*** Source records ***
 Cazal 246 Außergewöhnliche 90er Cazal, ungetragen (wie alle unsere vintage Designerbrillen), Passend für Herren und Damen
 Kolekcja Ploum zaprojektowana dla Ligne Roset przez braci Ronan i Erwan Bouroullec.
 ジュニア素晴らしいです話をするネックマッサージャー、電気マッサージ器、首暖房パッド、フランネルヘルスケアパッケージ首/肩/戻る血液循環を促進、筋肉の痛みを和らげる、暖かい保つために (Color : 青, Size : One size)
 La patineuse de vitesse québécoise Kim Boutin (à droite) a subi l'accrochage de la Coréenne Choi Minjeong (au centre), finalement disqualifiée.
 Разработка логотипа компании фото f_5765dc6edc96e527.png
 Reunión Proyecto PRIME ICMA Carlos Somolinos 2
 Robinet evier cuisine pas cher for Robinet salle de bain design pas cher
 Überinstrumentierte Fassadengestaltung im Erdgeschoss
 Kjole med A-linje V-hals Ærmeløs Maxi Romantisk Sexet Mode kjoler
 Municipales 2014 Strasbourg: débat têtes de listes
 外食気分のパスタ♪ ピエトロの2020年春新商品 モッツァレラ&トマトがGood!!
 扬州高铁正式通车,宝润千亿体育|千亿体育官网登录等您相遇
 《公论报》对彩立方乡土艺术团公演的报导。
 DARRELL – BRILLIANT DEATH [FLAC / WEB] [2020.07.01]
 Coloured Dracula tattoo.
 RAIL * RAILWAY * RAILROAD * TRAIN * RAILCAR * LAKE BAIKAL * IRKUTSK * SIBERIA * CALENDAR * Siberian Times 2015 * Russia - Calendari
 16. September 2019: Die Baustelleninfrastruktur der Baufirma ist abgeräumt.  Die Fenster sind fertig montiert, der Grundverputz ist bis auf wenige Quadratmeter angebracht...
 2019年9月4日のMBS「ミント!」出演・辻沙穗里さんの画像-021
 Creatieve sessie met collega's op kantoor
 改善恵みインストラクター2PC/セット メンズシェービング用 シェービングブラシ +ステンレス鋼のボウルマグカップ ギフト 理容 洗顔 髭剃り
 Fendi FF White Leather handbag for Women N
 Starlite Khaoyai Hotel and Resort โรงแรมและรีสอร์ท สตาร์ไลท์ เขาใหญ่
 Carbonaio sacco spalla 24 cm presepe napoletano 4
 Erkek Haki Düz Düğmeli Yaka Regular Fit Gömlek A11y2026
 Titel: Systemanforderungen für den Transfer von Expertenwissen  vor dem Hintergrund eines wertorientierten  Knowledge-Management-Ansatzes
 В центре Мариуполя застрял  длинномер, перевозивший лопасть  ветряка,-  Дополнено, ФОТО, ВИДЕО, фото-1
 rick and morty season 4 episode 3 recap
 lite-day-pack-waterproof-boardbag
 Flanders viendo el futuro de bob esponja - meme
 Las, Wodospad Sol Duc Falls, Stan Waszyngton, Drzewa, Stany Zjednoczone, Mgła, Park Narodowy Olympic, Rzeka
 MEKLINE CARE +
***
* Exercise instructions
All of the data above must be retyped exactly.

* Finished task
 Cazal 246 Außergewöhnliche 90er Cazal, ungetragen (wie alle unsere vintage Designerbrillen), Passend für Herren und Damen
 Kolekcja Ploum zaprojektowana dla Ligne Roset przez braci Ronan i Erwan Bouroullec.
 ジュニア素晴らしいです話をするネックマッサージャー、電気マッサージ器、首暖房パッド、フランネルヘルスケアパッケージ首/肩/戻る血液循環を促進、筋肉の痛みを和らげる、暖かい保つために (Color : 青, Size : One size)
 La patineuse de vitesse québécoise Kim Boutin (à droite) a subi l'accrochage de la Coréenne Choi Minjeong (au centre), finalement disqualifiée.
 Разработка логотипа компании фото f_5765dc6edc96e527.png
 Reunión Proyecto PRIME ICMA Carlos Somolinos 2
 Robinet evier cuisine pas cher for Robinet salle de bain design pas cher
 Überinstrumentierte Fassadengestaltung im Erdgeschoss
 Kjole med A-linje V-hals Ærmeløs Maxi Romantisk Sexet Mode kjoler
 Municipales 2014 Strasbourg: débat têtes de listes
 外食気分のパスタ♪ ピエトロの2020年春新商品 モッツァレラ&トマトがGood!!
 扬州高铁正式通车,宝润千亿体育|千亿体育官网登录等您相遇
 《公论报》对彩立方乡土艺术团公演的报导。
 DARRELL – BRILLIANT DEATH [FLAC / WEB] [2020.07.01]
 Coloured Dracula tattoo.
 RAIL * RAILWAY * RAILROAD * TRAIN * RAILCAR * LAKE BAIKAL * IRKUTSK * SIBERIA * CALENDAR * Siberian Times 2015 * Russia - Calendari
 16. September 2019: Die Baustelleninfrastruktur der Baufirma ist abgeräumt.  Die Fenster sind fertig montiert, der Grundverputz ist bis auf wenige Quadratmeter angebracht...
 2019年9月4日のMBS「ミント!」出演・辻沙穗里さんの画像-021
 Creatieve sessie met collega's op kantoor
 改善恵みインストラクター2PC/セット メンズシェービング用 シェービングブラシ +ステンレス鋼のボウルマグカップ ギフト 理容 洗顔 髭剃り
 Fendi FF White Leather handbag for Women N
 Starlite Khaoyai Hotel and Resort โรงแรมและรีสอร์ท สตาร์ไลท์ เขาใหญ่
 Carbonaio sacco spalla 24 cm presepe napoletano 4
 Erkek Haki Düz Düğmeli Yaka Regular Fit Gömlek A11y2026
 Titel: Systemanforderungen für den Transfer von Expertenwissen  vor dem Hintergrund eines wertorientierten  Knowledge-Management-Ansatzes
 В центре Мариуполя застрял  длинномер, перевозивший лопасть  ветряка,-  Дополнено, ФОТО, ВИДЕО, фото-1
 rick and morty season 4 episode 3 recap
 lite-day-pack-waterproof-boardbag
 Flanders viendo el futuro de bob esponja - meme
 Las, Wodospad Sol Duc Falls, Stan Waszyngton, Drzewa, Stany Zjednoczone, Mgła, Park Narodowy Olympic, Rzeka
 MEKLINE CARE +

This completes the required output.